Netflix (NASDAQ:NFLX) has been relatively strong this year, with shares rising more than 14 percent. This is despite the fact that the market has generally been punishing growth stocks, many of which have fallen despite the fact that the stock market is up slightly for the year. In particular, Netflix shares have been especially strong since bottoming out in April — the stock has gained over 30 percent since then.
Investors have several good reasons to bid up shares of Netflix. First, the company is growing its sales, and it is growing its profits even more. One of the problems that a lot of growth companies have had this year is that while their sales continued growing, their profits declined, or at the very least they failed to grow at an acceptable rate from the perspective of a growth investor. These companies have had trouble growing their margins due to commodification of the products they sell or rising input costs. This has hit growth companies like Whole Foods (NYSE:WFM) and Panera Bread (NASDAQ:PNRA) hard.
Netflix has bucked this trend because its product cannot easily be replicated: that is, it is difficult for a new company to enter the market and offer content streaming to the extent that Netflix can. The company has reported profit growth that far outweighs its sales growth, with net profit margins growing from 2.6 percent to 4.2 percent year over year in the most recent quarter. This coupled with double-digit sales growth means that the company’s profits are soaring.

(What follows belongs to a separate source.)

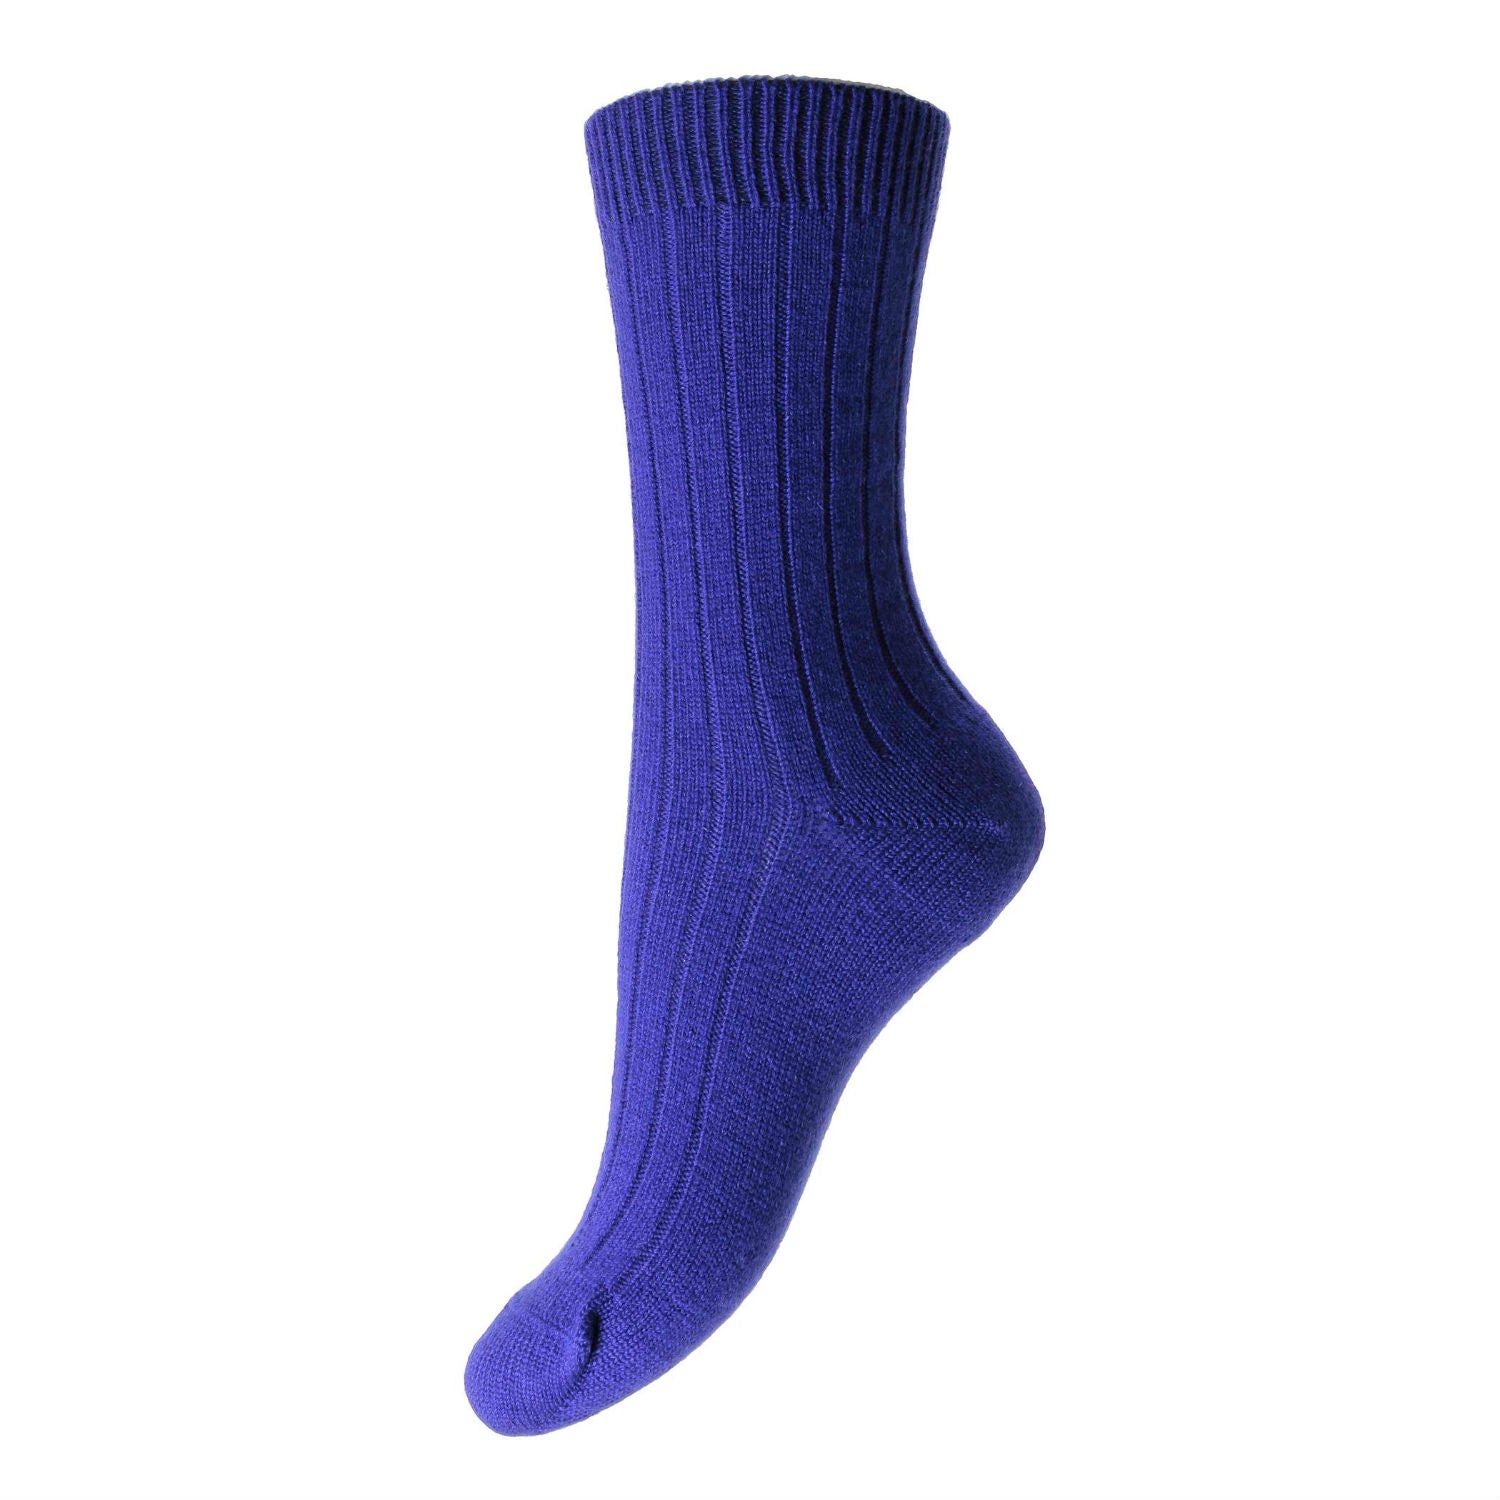 Pantherella women's socks - cashmere - deep blue
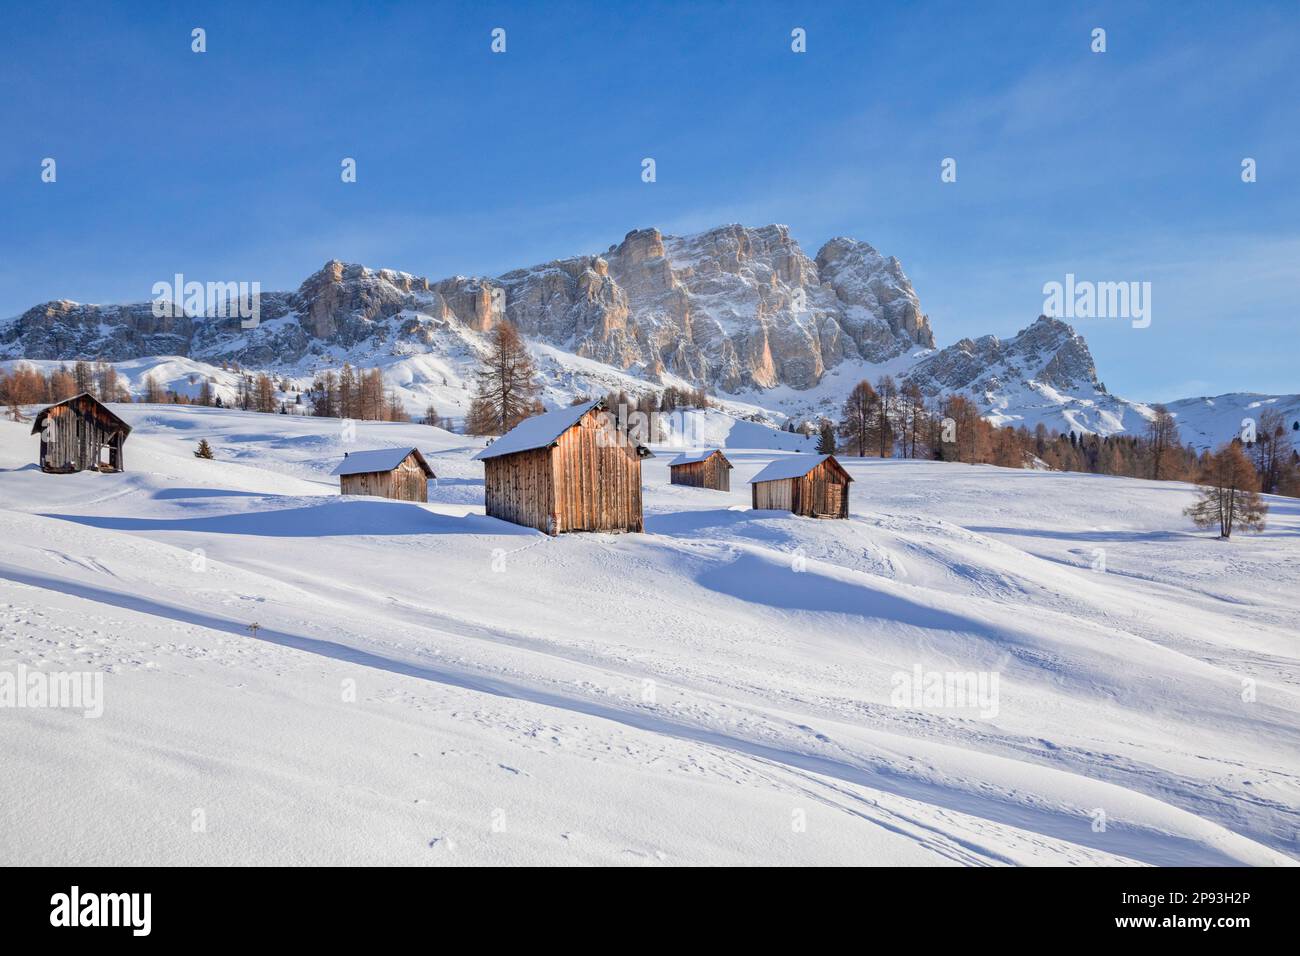 Italy, Veneto, province of Belluno, Livinallongo del Col di Lana, Mont da Contrin, old wooden barns on snowy pastures at the foot of the Setsas mountain range, Dolomites Stock Photo

Not only are the company’s profits soaring, but it has a “subscription” business model, meaning that each of its customers pays for its streaming services regularly. Given that Netflix offers modest pricing, it is unlikely that subscribers will cancel their plans even if they are facing tight budgets. This not only improves growth but means that the company’s revenue is more reliable and therefore more valuable for long-term investors.
With all of these positives, why do I think investors should sell Netflix? It’s pretty simple: The valuation is extremely high. As great as the company is, it trades at over 150 times trailing earnings and at nearly 60 times 2015 earnings estimates. What this means is that investors are assuming that the incredible growth we are seeing today carries into the future.
Maybe it will, although in a minute I will explain why I don’t think this is the case. The problem is that even if the company can continue to grow at this astronomical rate the stock is fairly valued, meaning that in order to justify buying the stock today, you need to assume that the company can grow even faster! While the company is expanding into new markets and while it is expanding into original content, I think this is highly unlikely.
In fact, as I just suggested, I think growth is set to slow, at least modestly. The trouble is that the kind of margin growth that Netflix is showing can only continue up to a point. It is relatively easy to grow margins from 2.6 percent to 4.2 percent. But at this rate, margins reach double-digit levels very quickly. What happens in, say, five years? The company won’t be able to grow its margins as quickly.
With this in mind and with sales growth at about 20 percent, it makes more sense to assume that growth will trend toward this 20 percent level. Furthermore, as the company expands, it won’t be able to grow its sales as quickly. It follows that in a few years Netflix’s growth will be substantially slow unless it can find new markets or find new ways to cut expenses.
These feats are not unobtainable, but they are improbable. Nevertheless, the stock seems to be pricing them in.
With this being the case, Netflix is a poor investment at the current share price. But that doesn’t mean it is a poor investment at any share price. If you agree with the bullish features of the company’s business that I cite above, then wait for weakness. As those who follow the stock know, Netflix shares can be extremely volatile. Take advantage of that volatility to buy on weakness and to sell on strength, and you can make a lot of money. But don’t be suckered in at these nosebleed valuations.
Disclosure: Ben Kramer-Miller has no position in Netflix.